Do you think what this discussion about memory-map of 2D array is correct? Especially this photo? Can you explain the theory?
假设我们用C声明一个二维数组是这样的:
Suppose we declare a 2D array in C like this:
int arr[3][3]={10, 20, 30, 40, 50, 60, 70, 80, 90};
现在,根据本讨论中,存储器会安排如下所示:
Now, according to this discussion, the memory would be arranged like the following:
现在,我写了下面的code测试这种理论:
Now, I have written the following code to test this theory:
#include <stdio.h>
main()
{
int arr[3][3]={10, 20, 30, 40, 50, 60, 70, 80, 90};
printf(" arr==%d\n", arr);
printf(" &arr[0]==%d\n", &arr[0]);
printf(" arr[0]==%d\n", arr[0]);
printf("&arr[0][0]=%d\n", &arr[0][0]);
printf(" arr[0][0]=%d\n", arr[0][0]);
}
/*
Output:
========
arr ==1245028
&arr[0] ==1245028
arr[0] ==1245028
&arr[0][0]==1245028
arr[0][0]==10
Press any key to continue...
*/
为什么第4个输出相同?
Why the first 4 outputs are same?
推荐答案
您code只使用一个简单的多维数组,但图像描述指针数组,喜欢那种你通常当的malloc-ING的事情做。

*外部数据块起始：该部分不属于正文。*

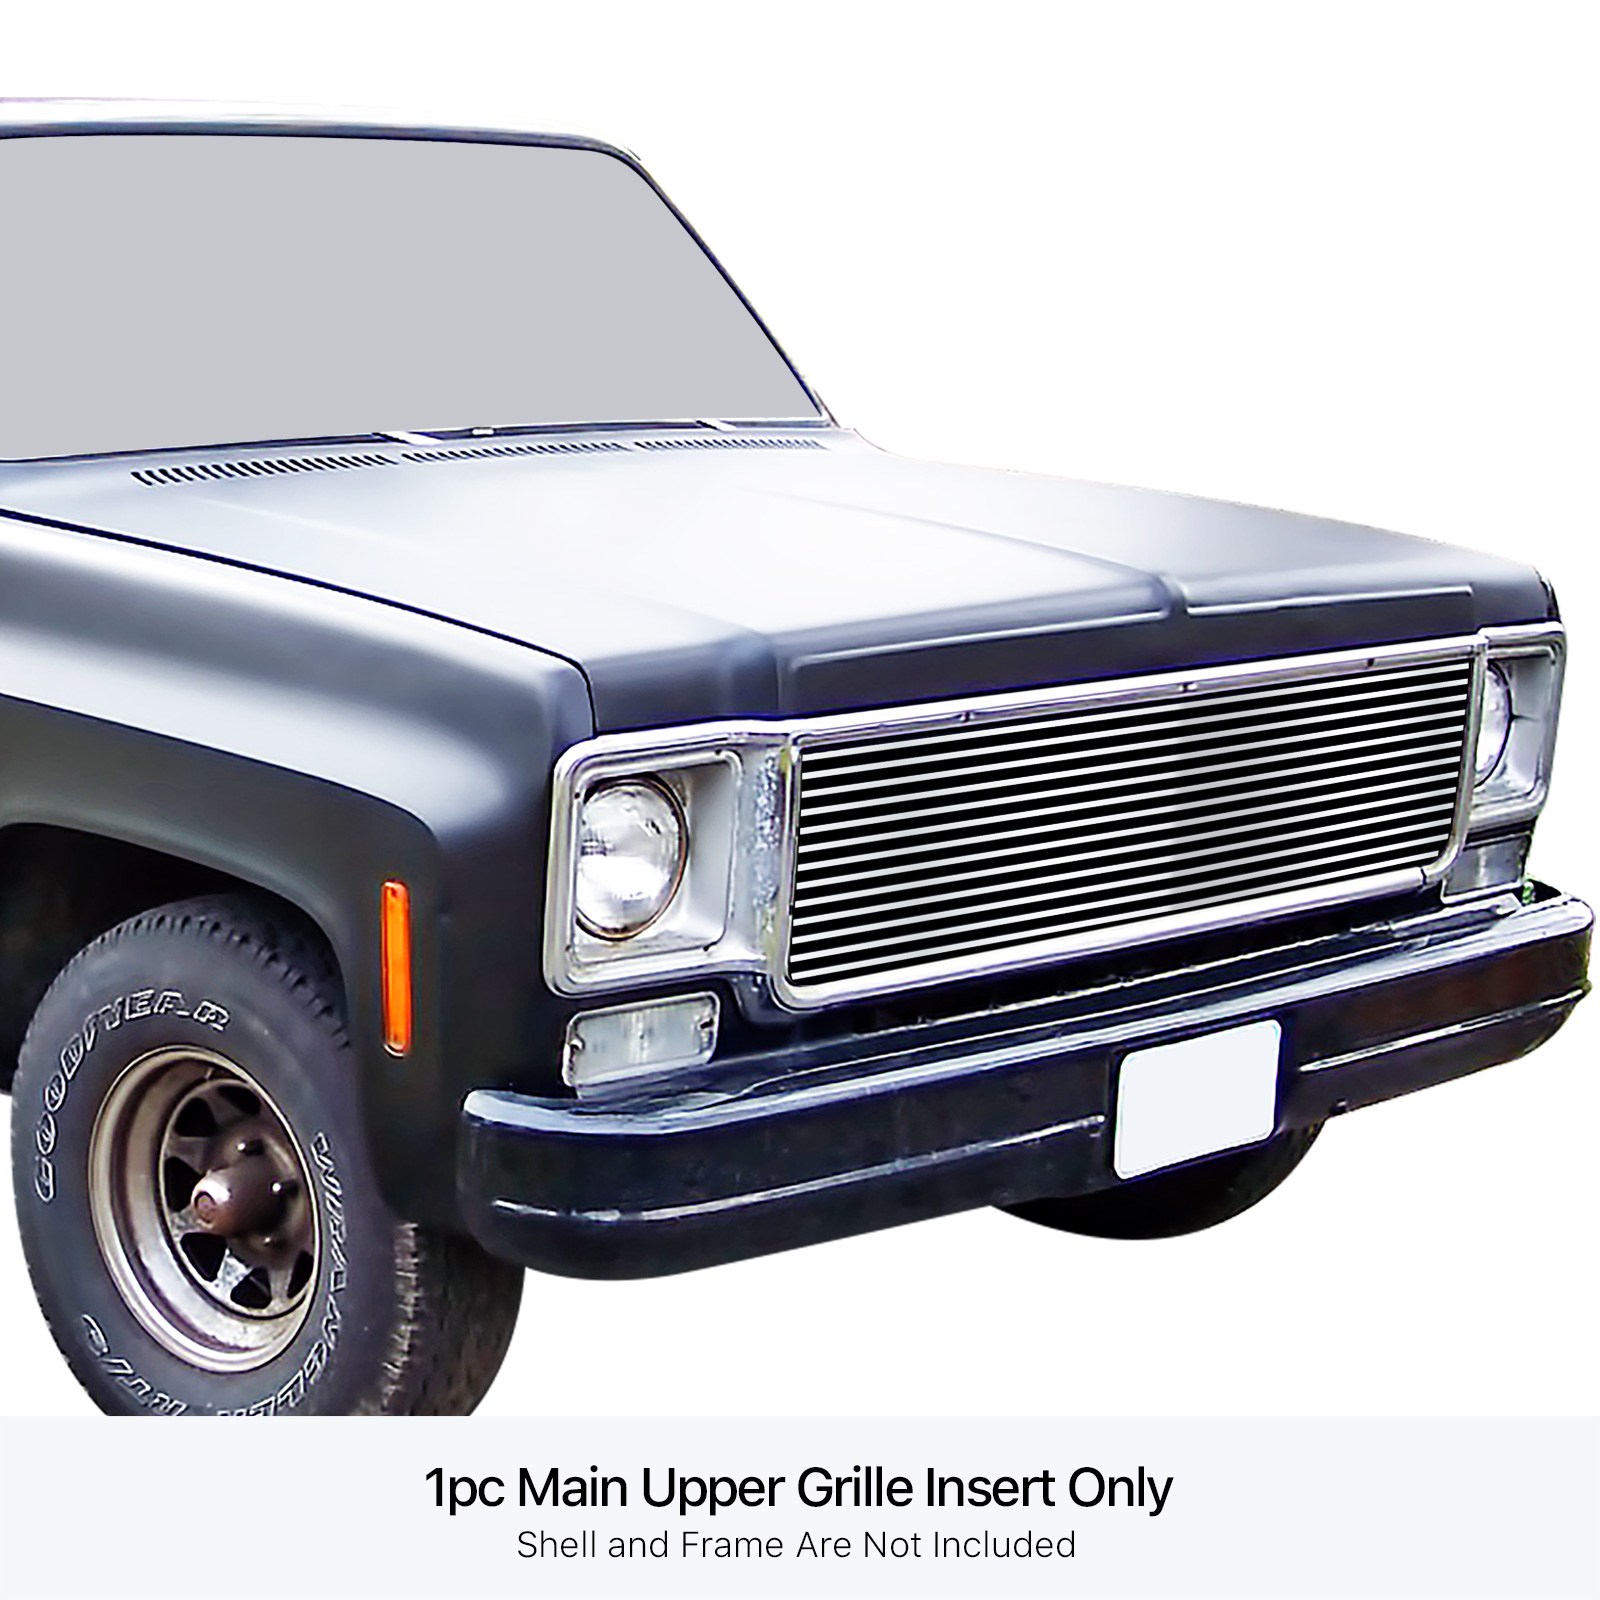 1973-1980 Chevy Blazer /1973-1980 Chevy C/K Pickup /1973-1980 Chevy Suburban /1973-1980 GMC C/K Pickup /1973-1980 GMC Suburban MAIN UPPER Stainless Steel Billet Grille

Your code just uses a plain multidimensional array, but the image describes an array of pointers, like the kind you usually make when malloc-ing things.
一个多维数组基本上是一个正常的,扁平的,阵列(在内存中),以访问一些额外的语法糖。因此,尽管有可能从ARR [I]得到一个指针,没有一个额外的变量只是存储这一点,因为在你的形象发生了。
A multidimensional array is basically just a normal, flattened, array (in memory) with some extra syntatic sugar for accessing. So while it is possible to get a pointer from arr[i], there isn't an extra "variable" just to store this, as happens in your image.
要校正图像,用改编[0],ARR [1] ...
和改变的值改编去除部分
到 1245039
(同为&放大器;常用3 [0] [0])。
To correct the image, remove the parts with the arr[0], arr[1]...
and change the value of arr
to 1245039
(the same as &arr[0][0]).
这篇关于存储器映射在C二维数组的文章就介绍到这了,希望我们推荐的答案对大家有所帮助,也希望大家多多支持IT屋!